I wonder how many of us today understand what is going on with
all these numbers. We certainly don't act like we do. This Administration has plunged the federal government deeply into debt, which, and unless policies change, will mean deficits at historically high levels for the
foreseeable future. Former Congressional deficit hawks -- many of the very same people who, for years, decried deficit spending – seem perfectly content to go along for the ride.
This week the Senate is poised to vote to
increase the statutory debt limit for the third time in just three years. The $800 billion increase we consider today follows a record $984 billion increase signed by President Bush in May 2003 and a $450 billion increase signed by
President Bush in June 2002. In less than three years, under the Bush regime, the debt limit will have soared to the alarming level of $8.2 trillion with no end to the spending and borrowing in sight.
Since January 2001,
the gross federal debt has increased $1.2 billion per day. It has increased $50 million every hour of every day. It has increased $837,000 every minute of every hour of every day. It has increased $14,000 every second of
every minute of every hour of every day.
Today, every man, woman, and child in the United States owes more than $25,206 on the debt. In fiscal year 2004, U.S. taxpayers owed $322 billion in interest on the publicly held
debt. These are interest payments that do not educate one child, buy one tank, or provide health care for one senior citizen.
Skyrocketing budget deficits and an ever-increasing, destructive national debt have become not
merely facts of life in America today, but a way of life for tomorrow and for the years to come.
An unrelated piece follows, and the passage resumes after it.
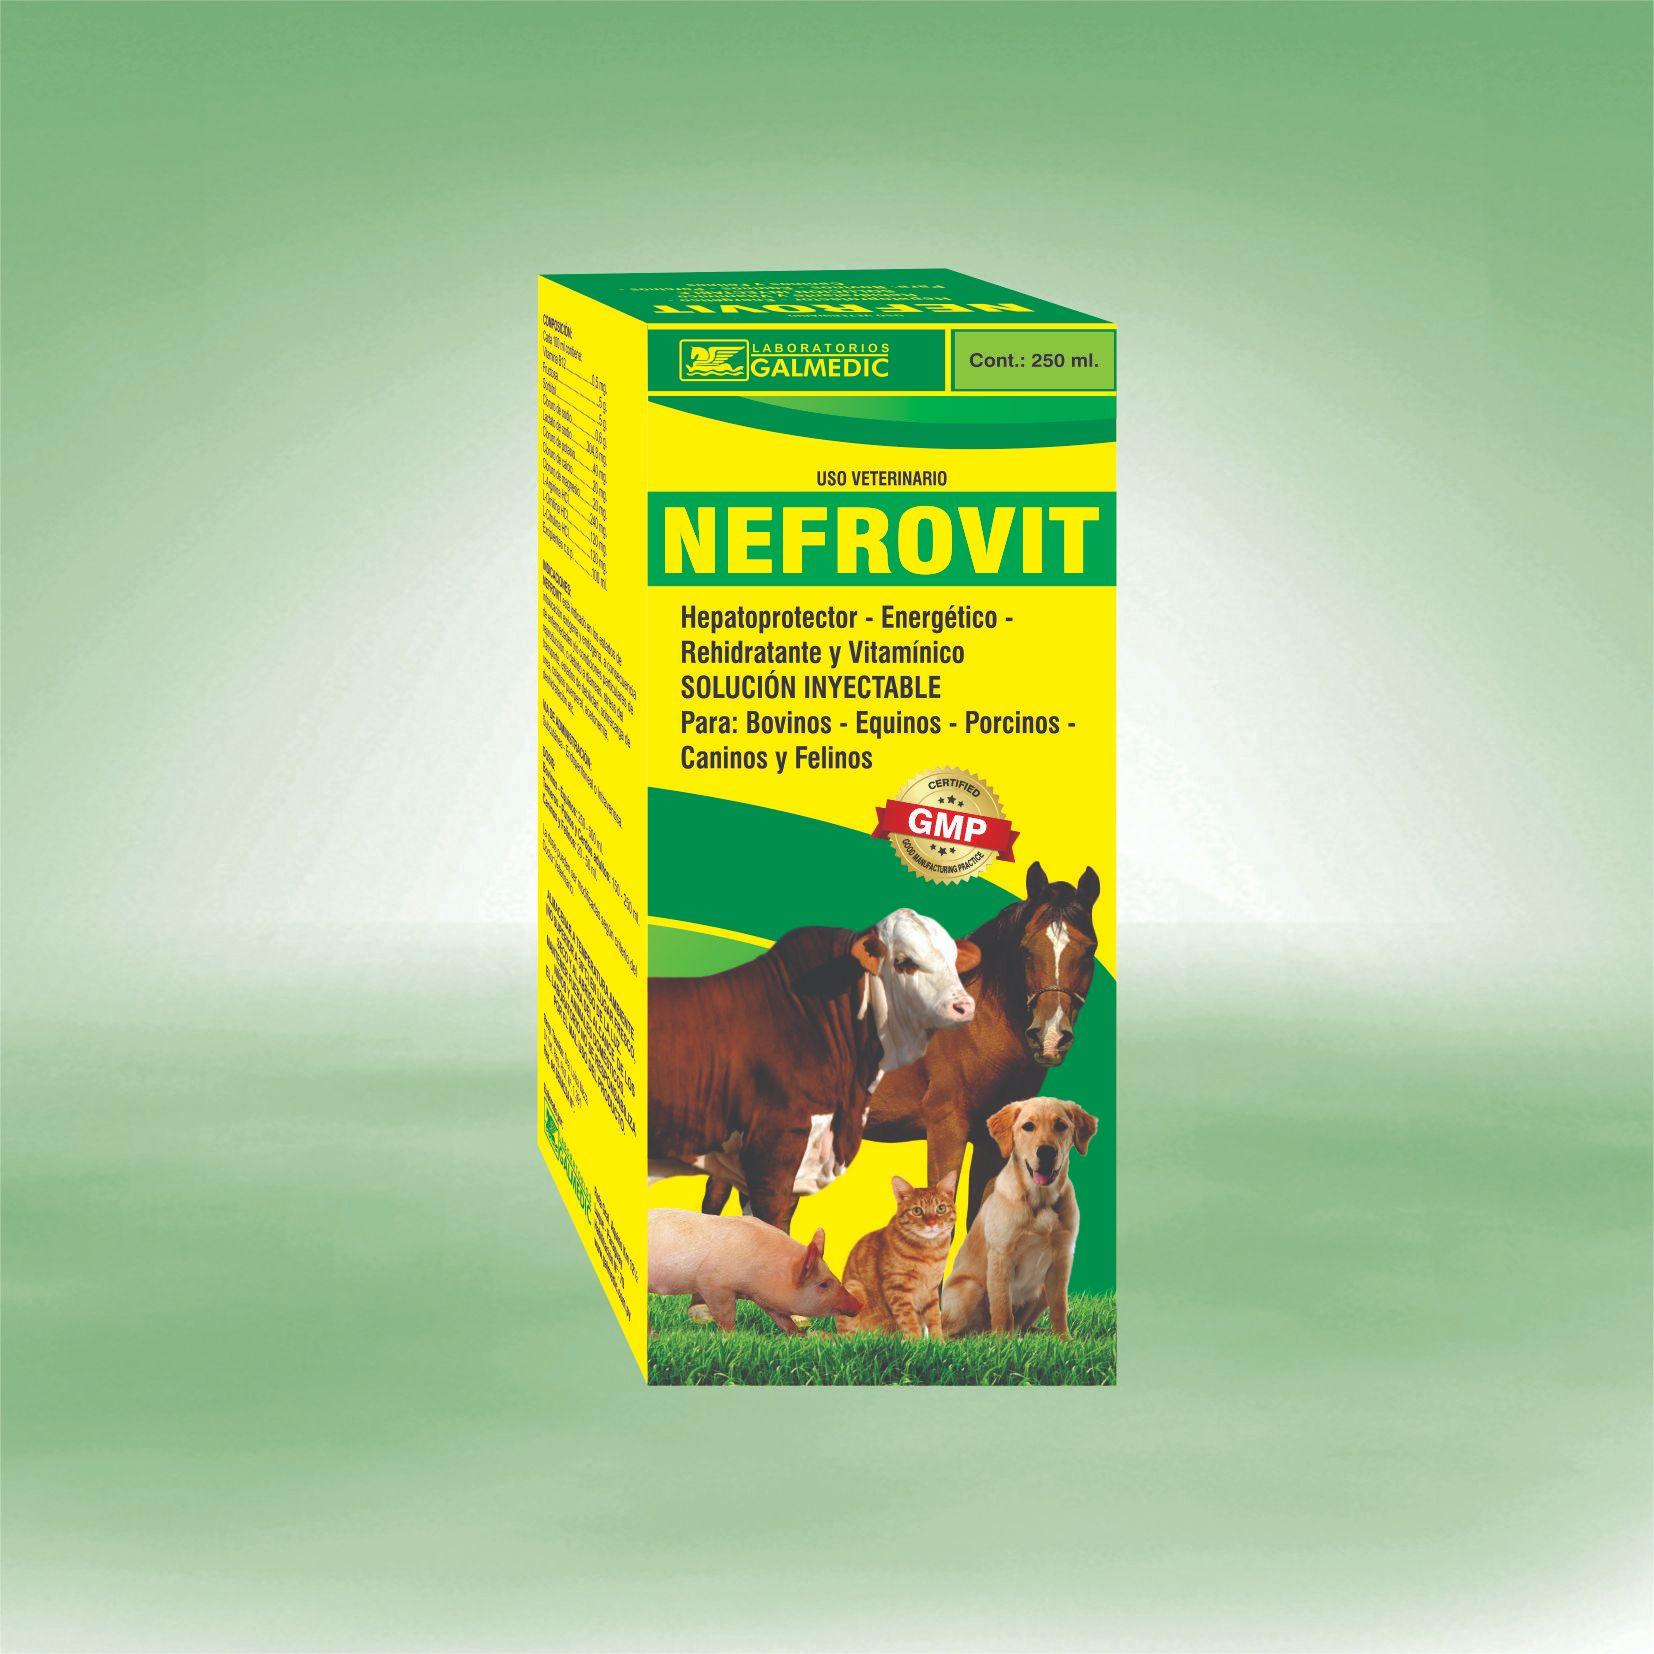 NEFROVIT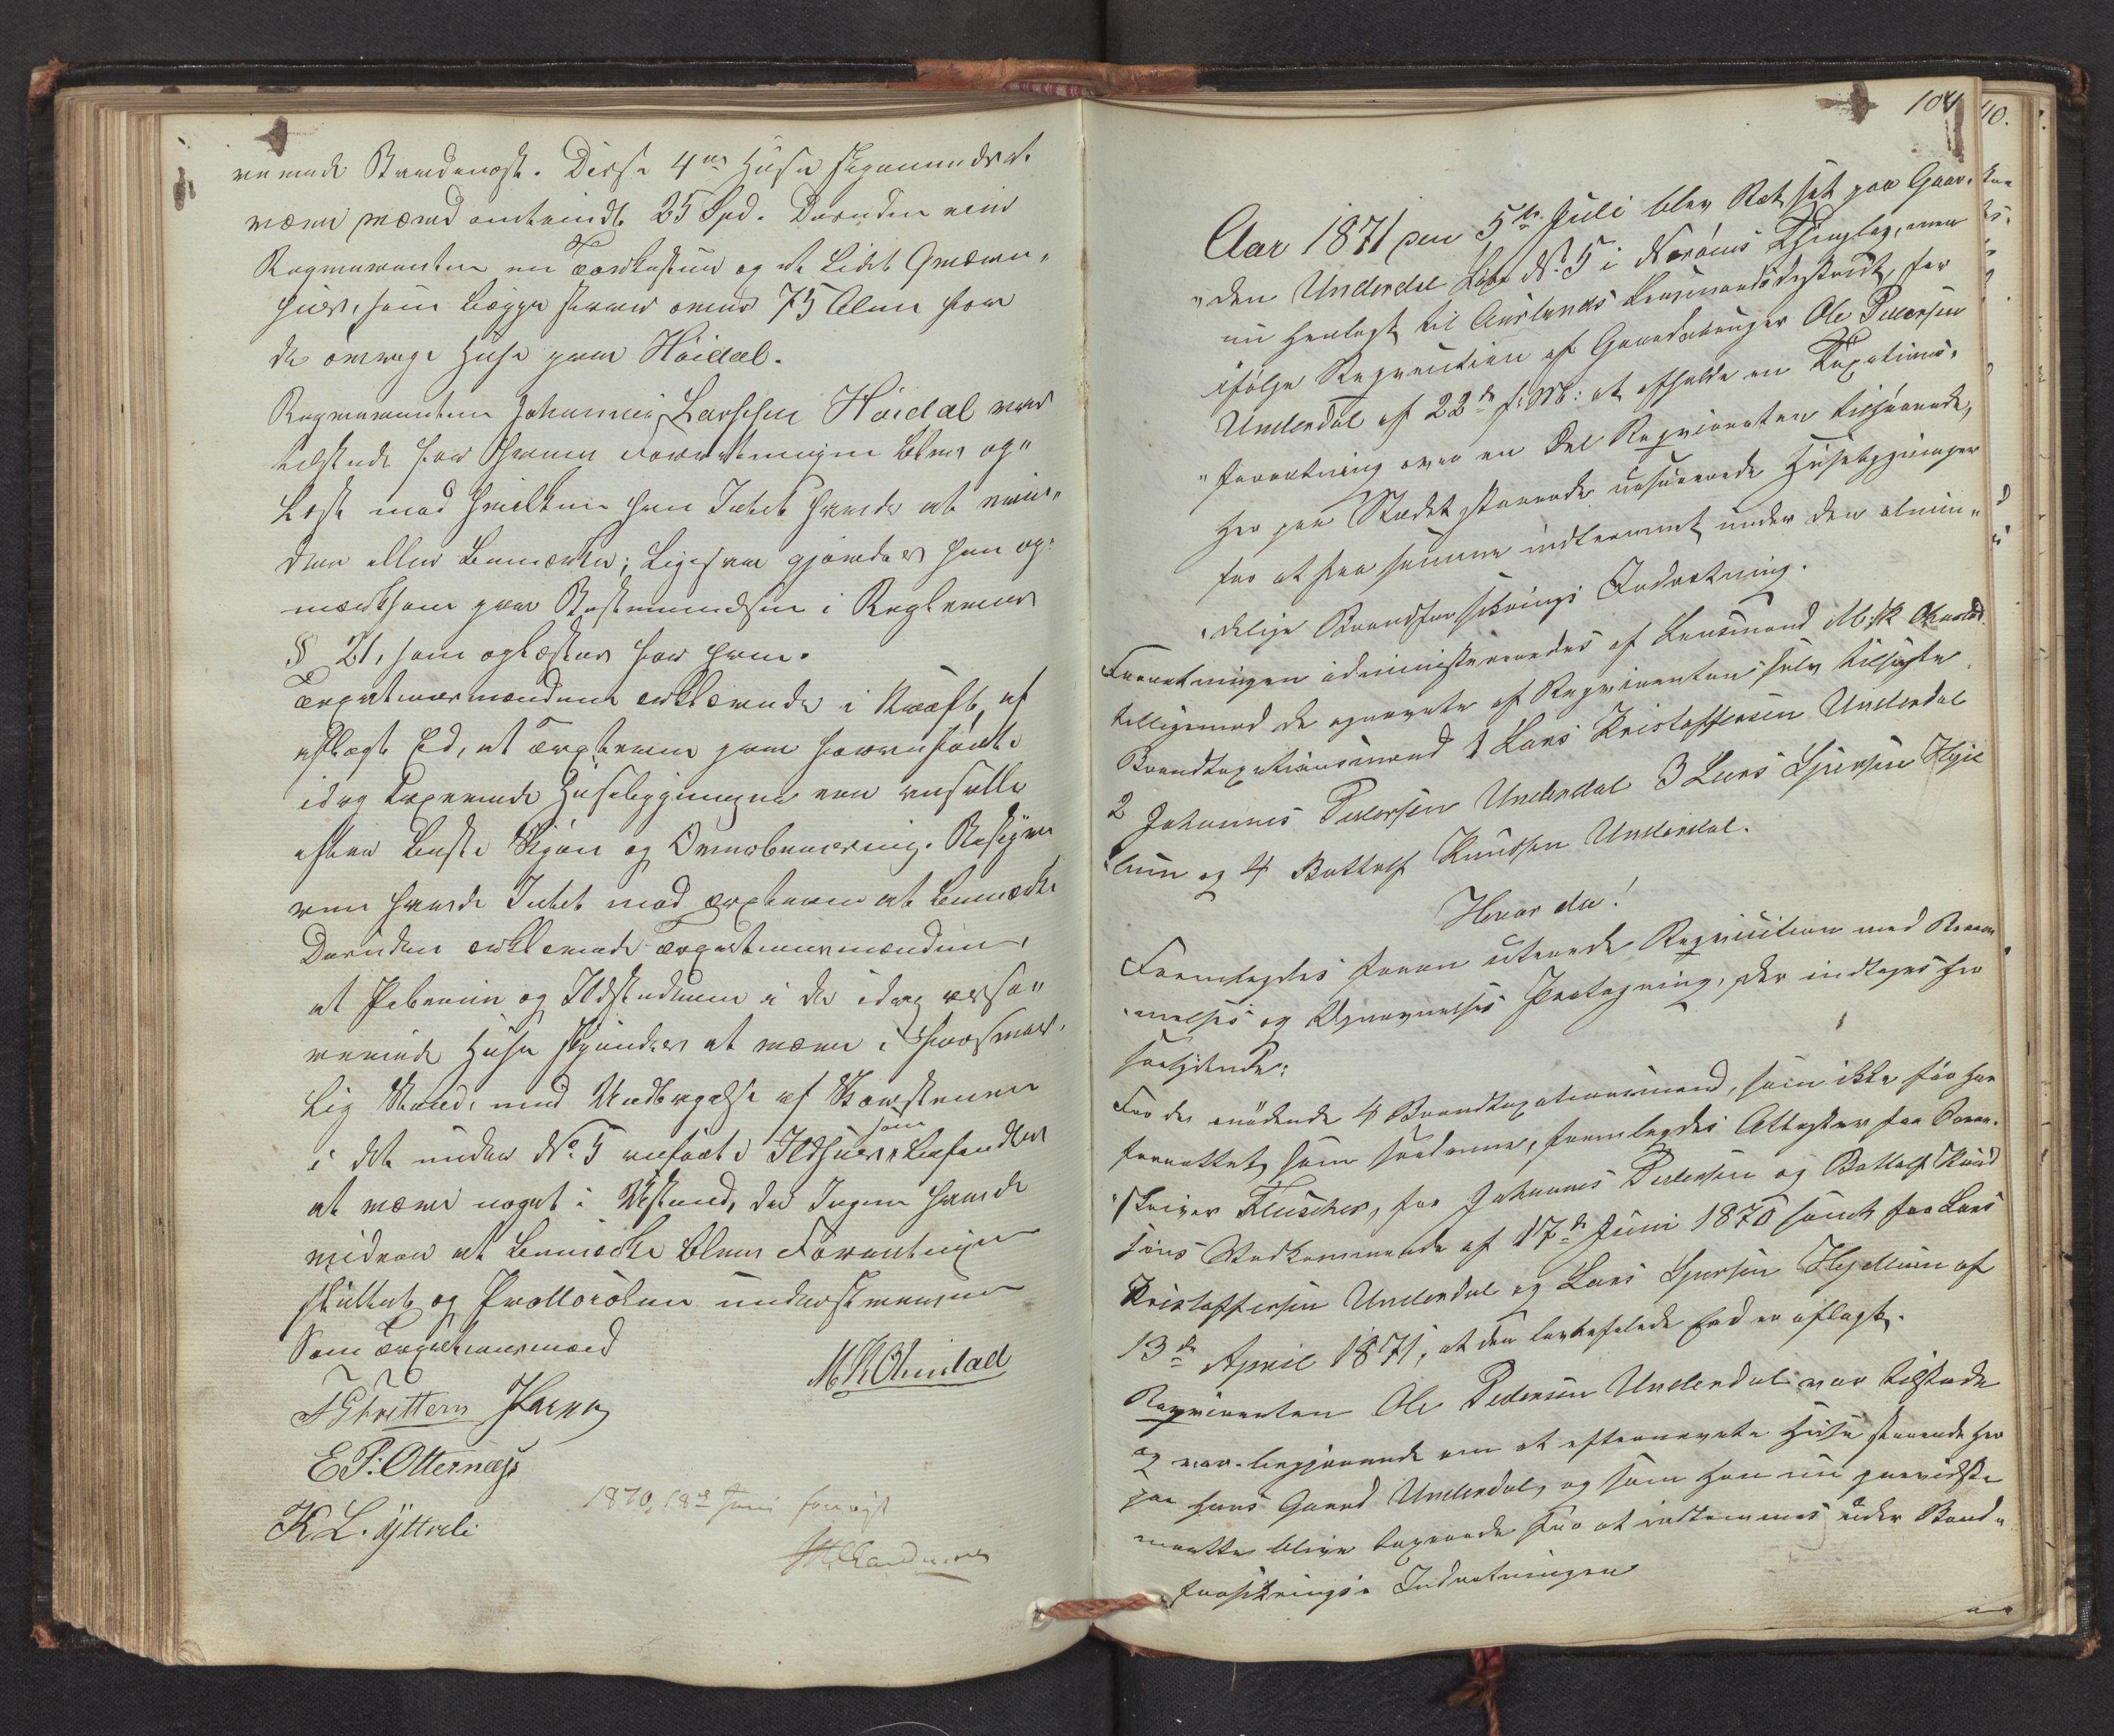 SAB, Lensmannen i Aurland, 0012/L0001: Branntakstprotokoll, 1846-1872, s. 103b-104a

Lawmakers may faithfully tout the Administration's line that the White House is serious about cutting the federal deficit, but the
American people have yet to see anything that would give them reason to take such claims seriously. Irresponsible spending does not reflect the values of most Americans who must struggle with their own family budget and foot big
federal bills by paying taxes.
For the last four years we have been operating under Bush budgets. We have been operating under Bush tax cuts and Bush spending bills. The result has been a Bush deficit of $413
billion for the Fiscal Year 2004 -- the largest deficit in U.S. history -- and an estimated $2.3 trillion in accumulated deficits over the next decade.
The White House will try to blame deficits on the war on terror, but that
claim is false.
Let's look at the whole picture. President Bush reportedly will request an additional $75 billion early next year for the war in Iraq. That request follows $203 billion already appropriated for Iraq
and Afghanistan bringing our total commitment to $278 billion for Iraq and Afghanistan.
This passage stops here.